Excerpt I from Recipe for Disaster
Slowly, I incorporated work with my life. I had to have an income. I might have had to force myself to do it, but at least I had something I could do. And working as a nurse allowed me to keep my life somewhat balanced as I tried to continue to keep the train on the tracks of life.
Anyone who’s ever watched “Nurse Jackie” would have a good idea of what I was like as a nurse—only, instead of drugs, I was ducking into the locker room, or the bathroom, or the lunchroom, to check my Blackberry and keep up with SaraBear. Maybe I went down for the count, but SaraBear hadn’t. Not yet. It needed some TLC, some intensive medical attention, but it hadn’t reached the end of its life yet. There were still Target orders to fill. The manufacturer in China was still assembling thousands and thousands of caddies. I had to negotiate with the freight forwarder that was handling containers coming into the port of Los Angeles.

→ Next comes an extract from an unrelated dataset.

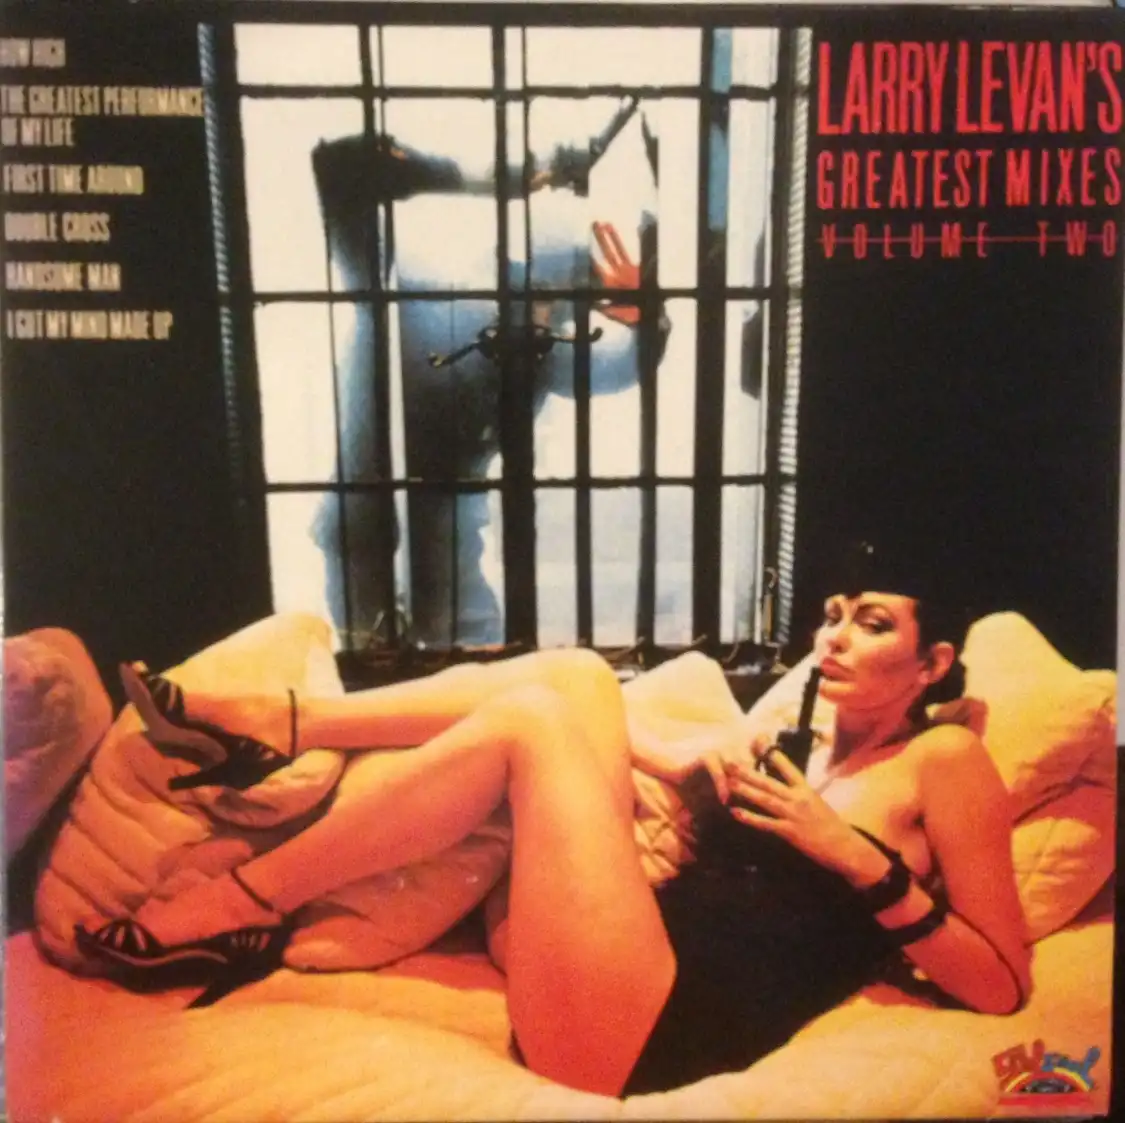 LARRY LEVAN / GREATEST MIXES VOLUME TWO

Cracking up. Being a nurse. Being a mother. None of that changed those responsibilities. I was going to dig myself and my family out from under the financial weight I’d created. Most of my nurse friends were dogged tired by their shifts. Me, my day still began at four in the morning. I caught up on what I needed to know for SaraBear. Then I got ready for the “real” day. Kids went off to school and daycare, and I went to “work.” Then I picked up the kids and took them to whatever afterschool activity they had. Dinner and time devoted to them. Then it was back to SaraBear until bedtime.
The sense of numbness was falling away from me each day. I was feeling more alive. I was exhausted, annoyed, frustrated, overjoyed, beaten down, and raised up each day. Through it all, I kept focused on SaraBear. SaraBear had gotten me into the mess I was in, but it could get me out too.
Sales of the caddy had still been strong at Target. We were meeting or exceeding projections every week. They had bumped up the caddies to more stores. It was now in-line at over seven hundred stores in the United States.
“Just tell me what you need,” I emailed my Target rep. “Eight hundred stores? Nine hundred? One thousand?”
Not only was Target going well, I was hearing a buzz that BRU really wanted the product. My BRU rep had emailed a few weeks earlier saying, “Melissa, the buyer, she really likes the SaraBears. Wants to expand the product line. What are your capabilities?” They just had to wait for some store changes to complete before picking up new product lines. But it all looked good.
“Come on, come on…”
The key to everything was selling those damned caddies! If Target bumped it up to one thousand stores, if BRU picked them up…My financial mess could be well on the way to being straightened out.
The sun was shining. The future looked bright. I was just getting a little antsy for it to get here!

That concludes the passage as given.